All of the data below must be reproduced word for word, but without its images.

▶ [Input data]:
————

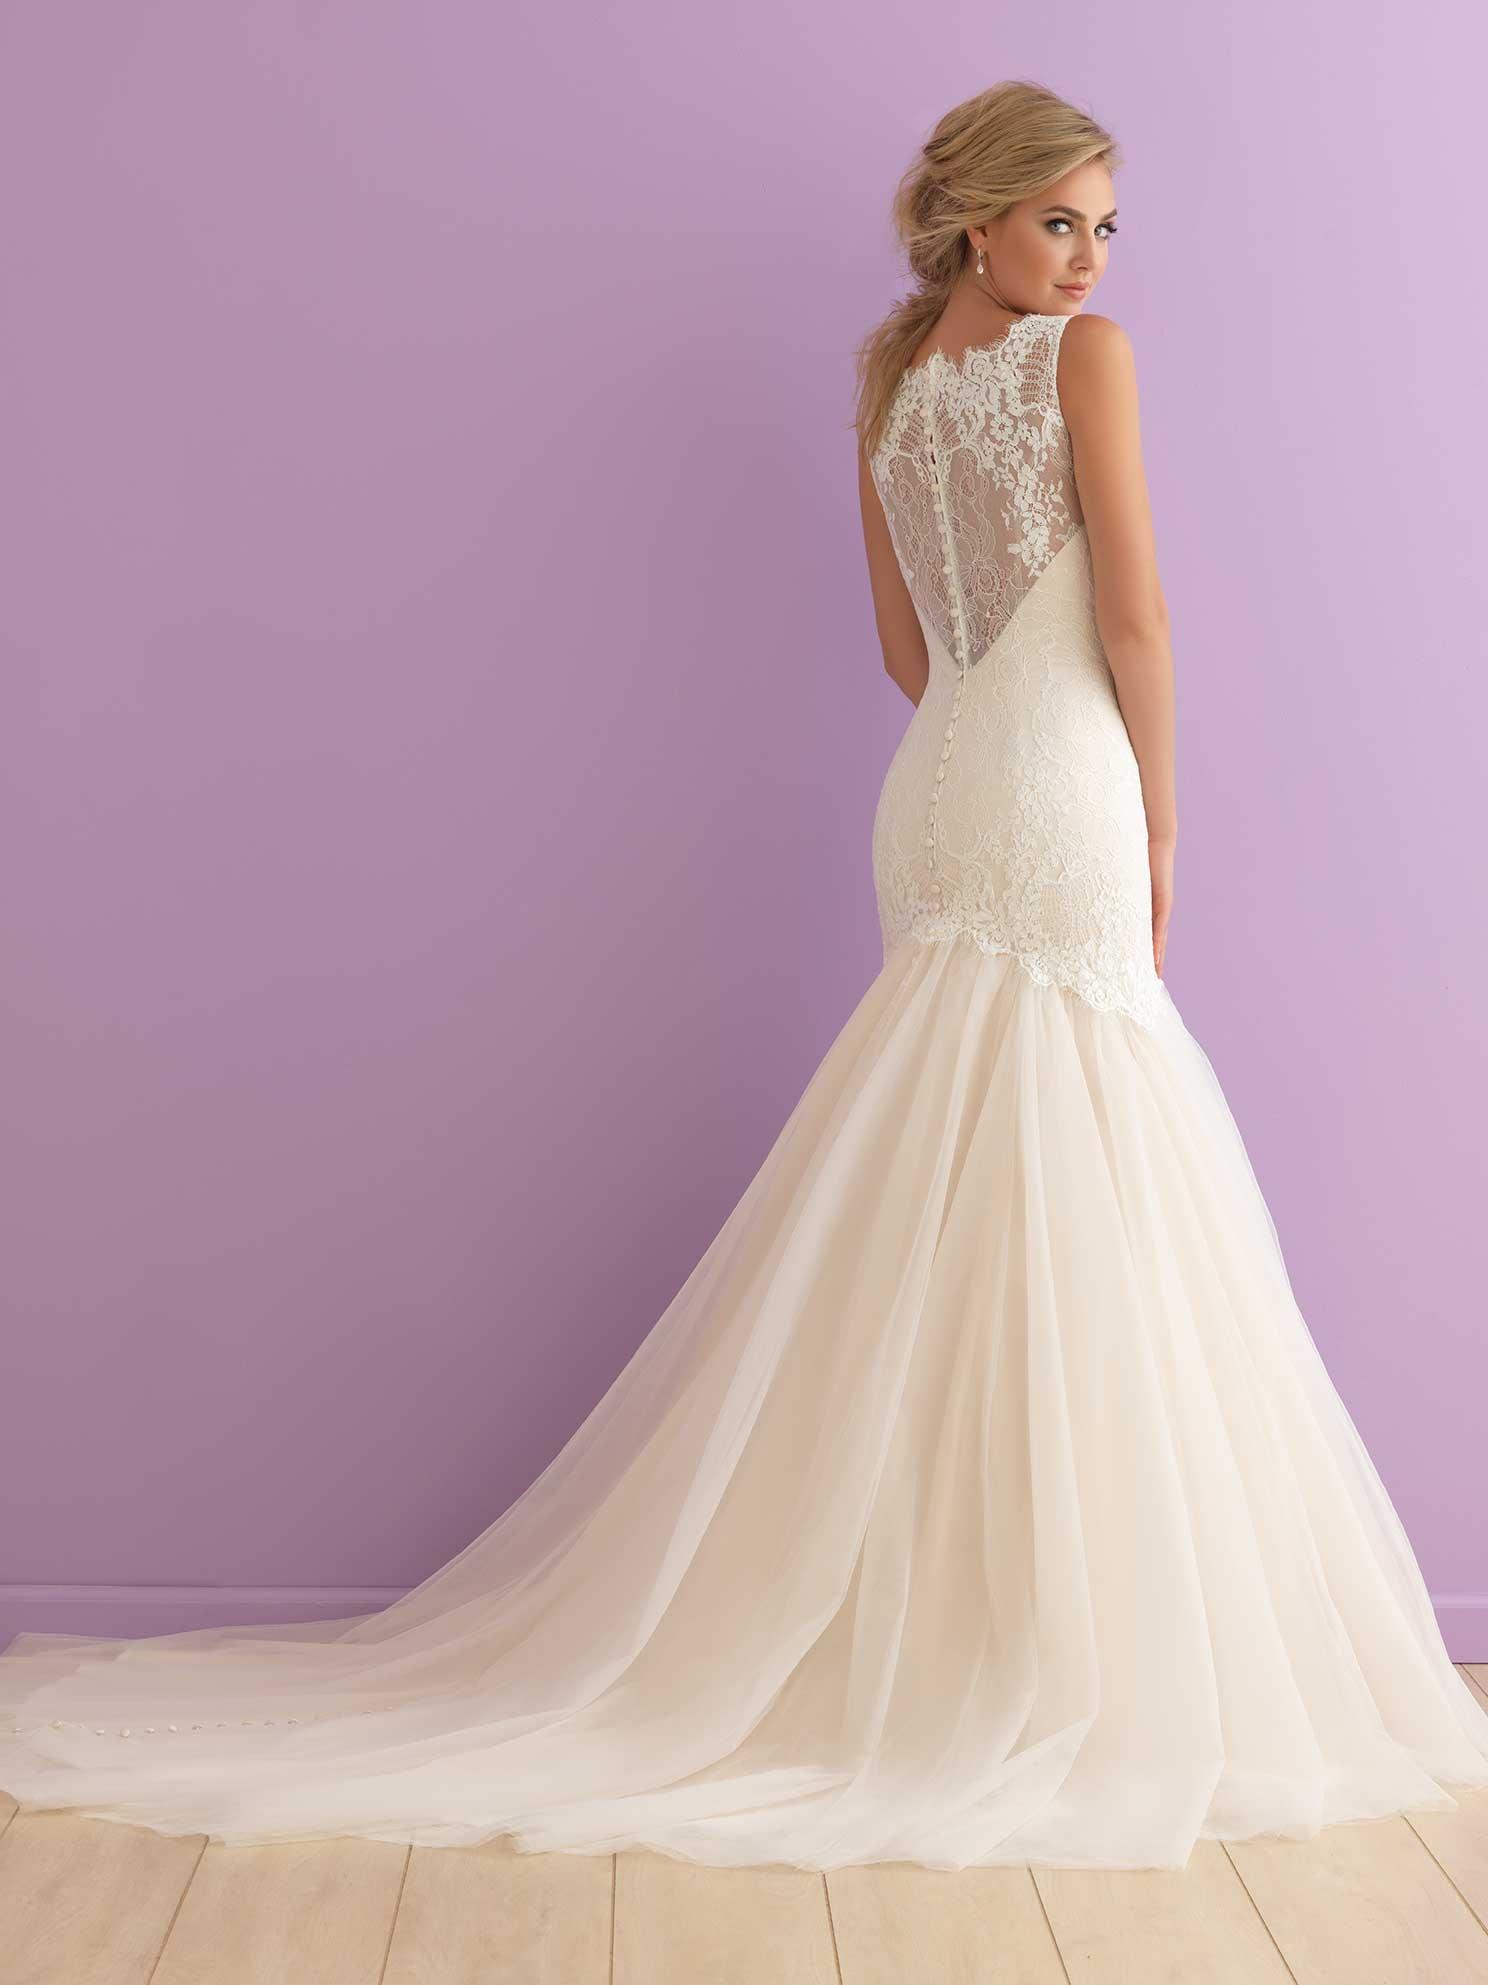 Allure Romance 2911 Ivory Size 12 Eleganza Tuxedo Bridal Gallery
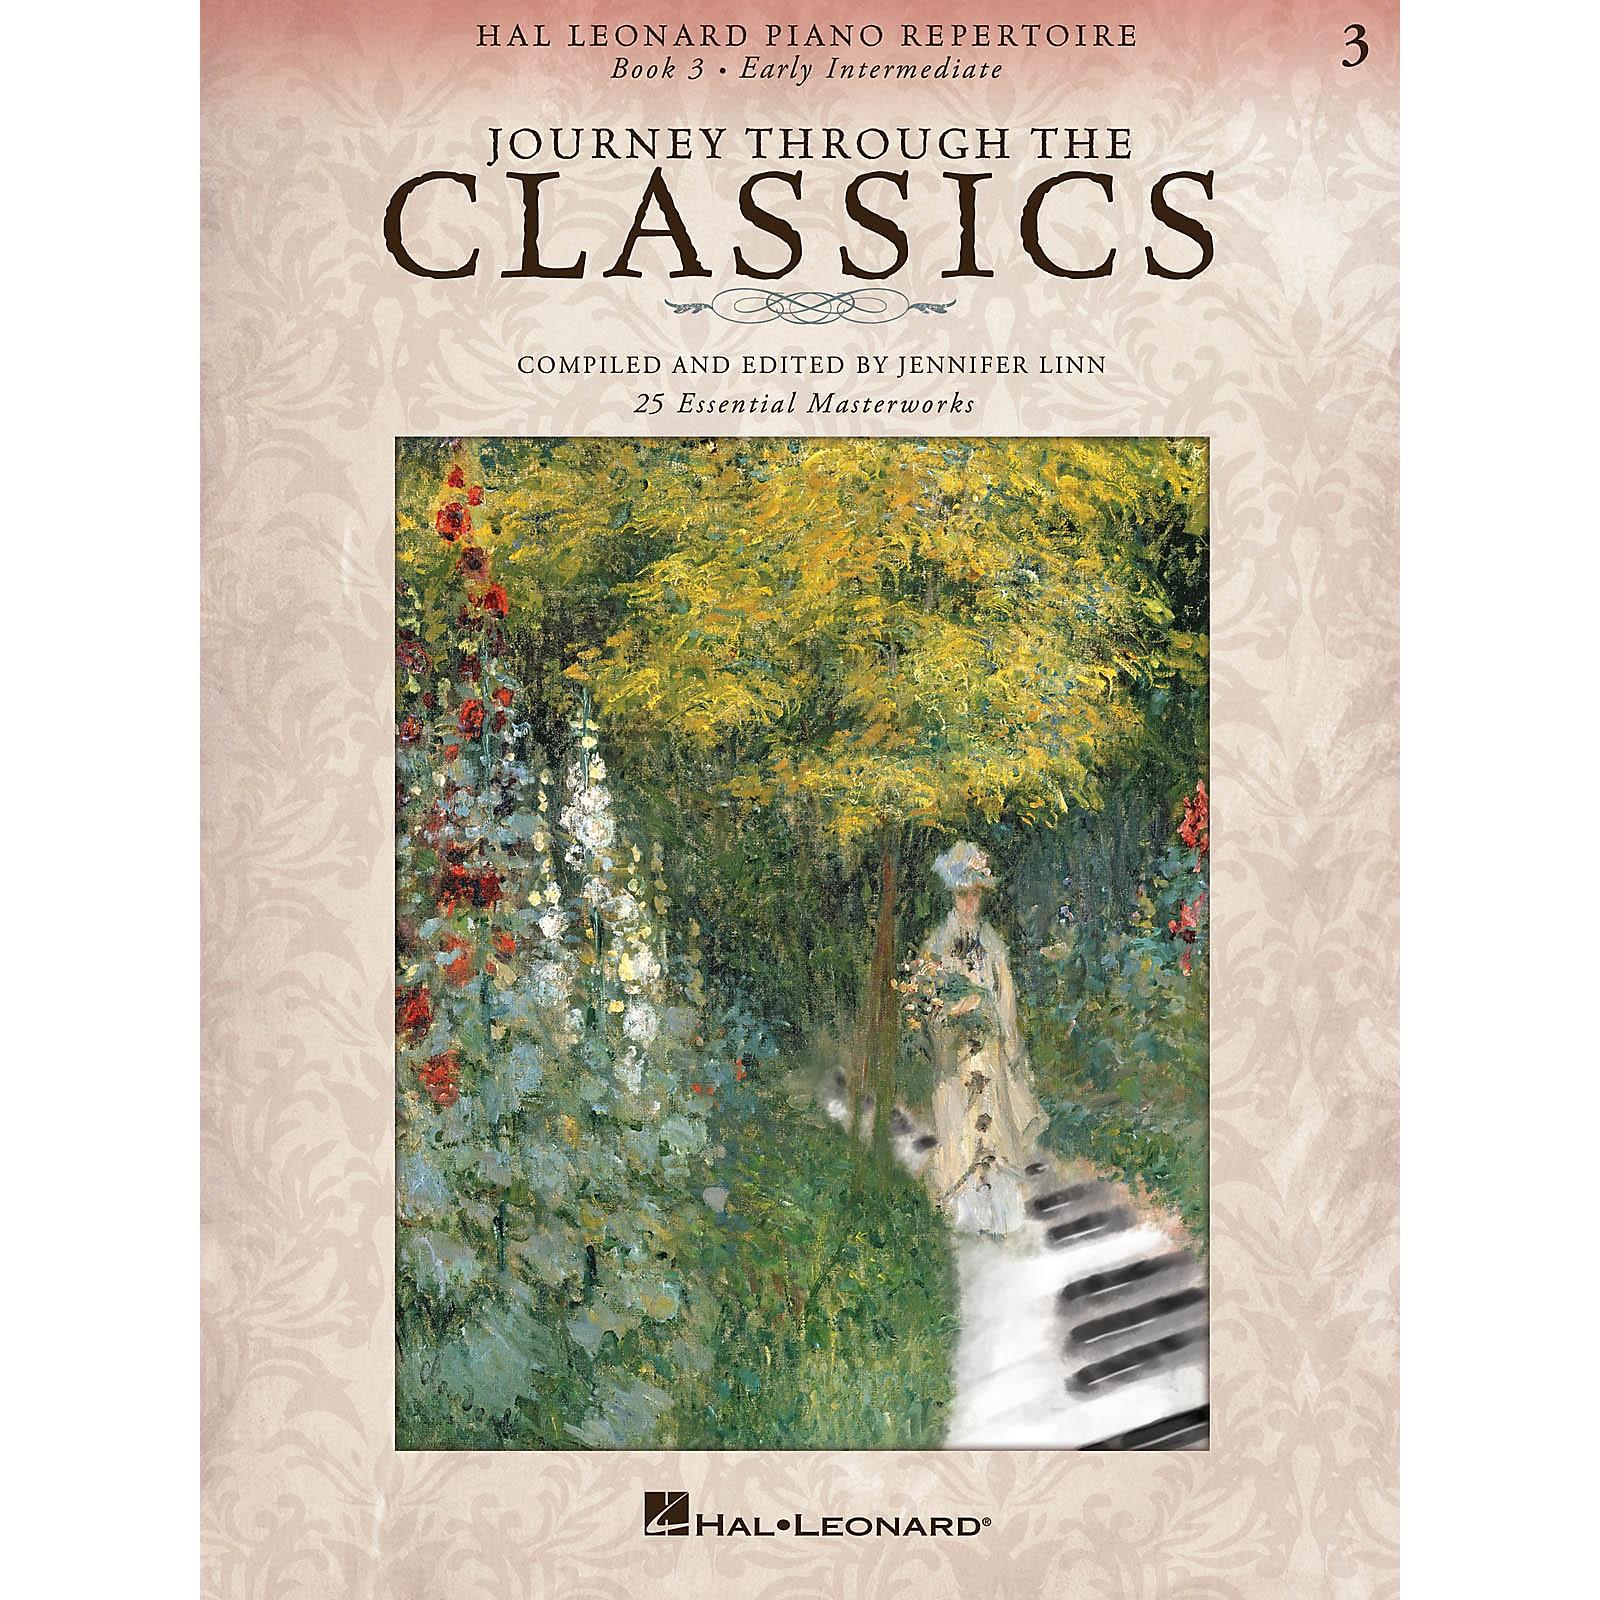 Hal Leonard Piano Repertoire Series - Journey Through The Classics Book 3 Early Intermediate
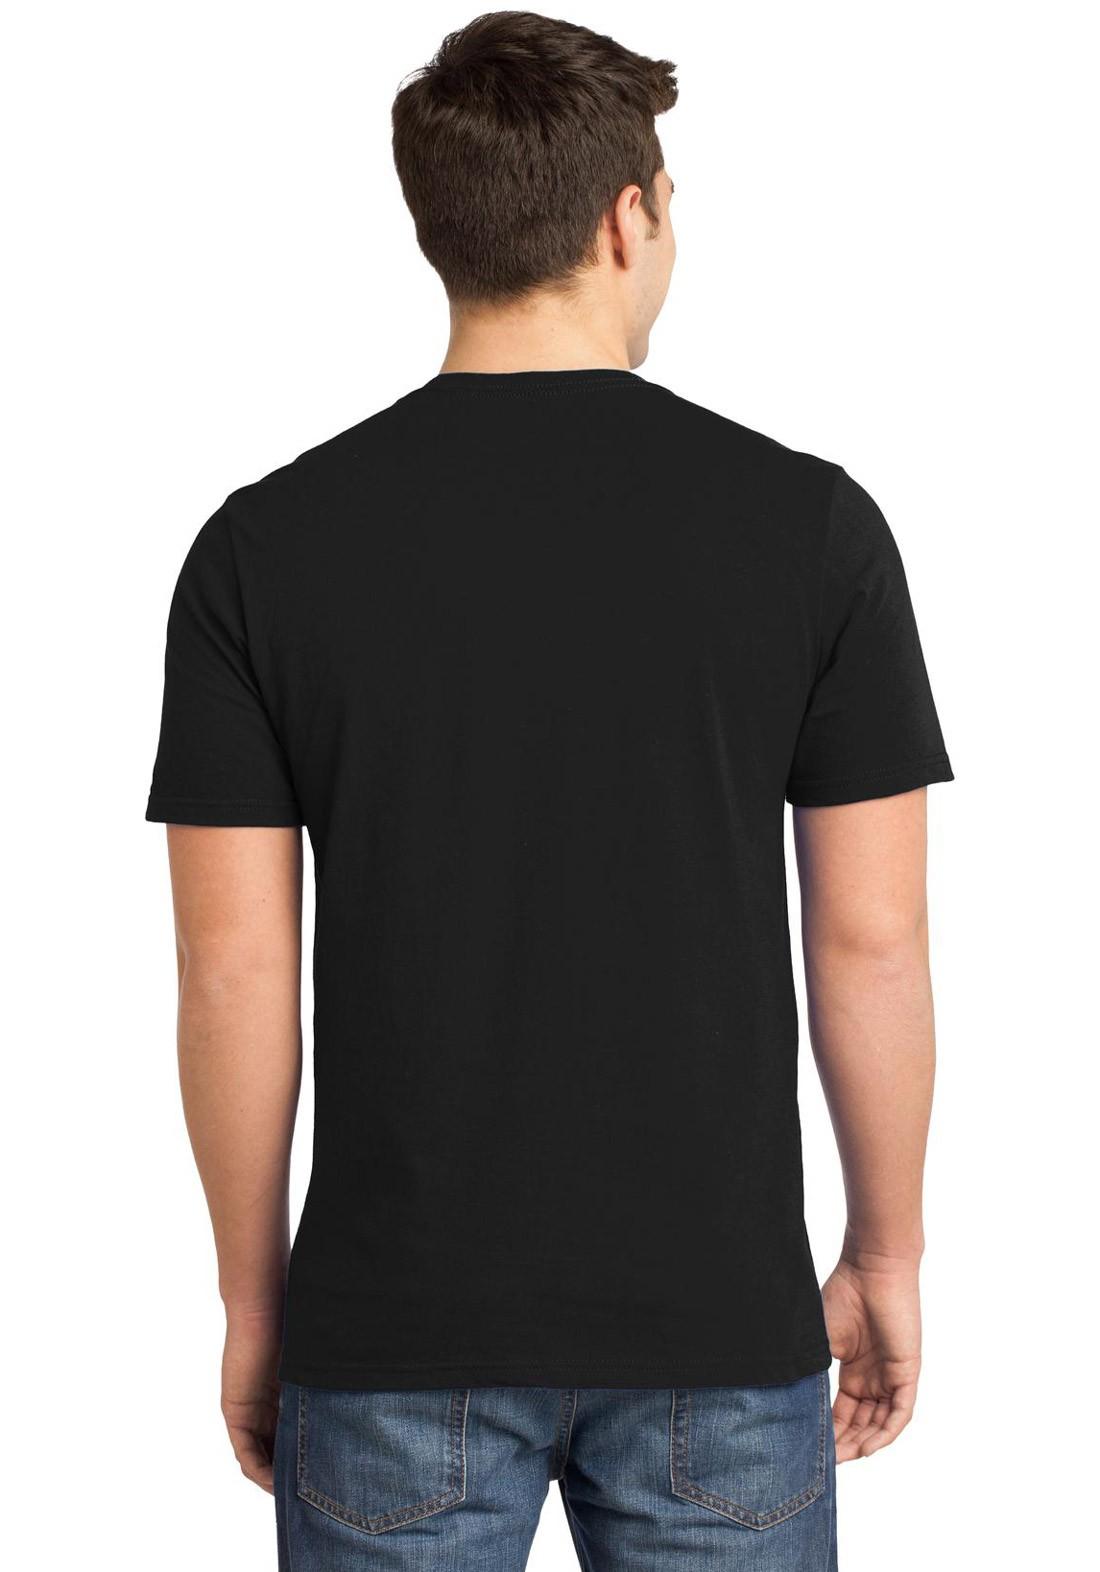 Camiseta Masculina Universitária Faculdade Jornalismo

————

▶ [Written response]:
 Allure Romance 2911 Ivory Size 12 Eleganza Tuxedo Bridal Gallery
 Hal Leonard Piano Repertoire Series - Journey Through The Classics Book 3 Early Intermediate
 Camiseta Masculina Universitária Faculdade Jornalismo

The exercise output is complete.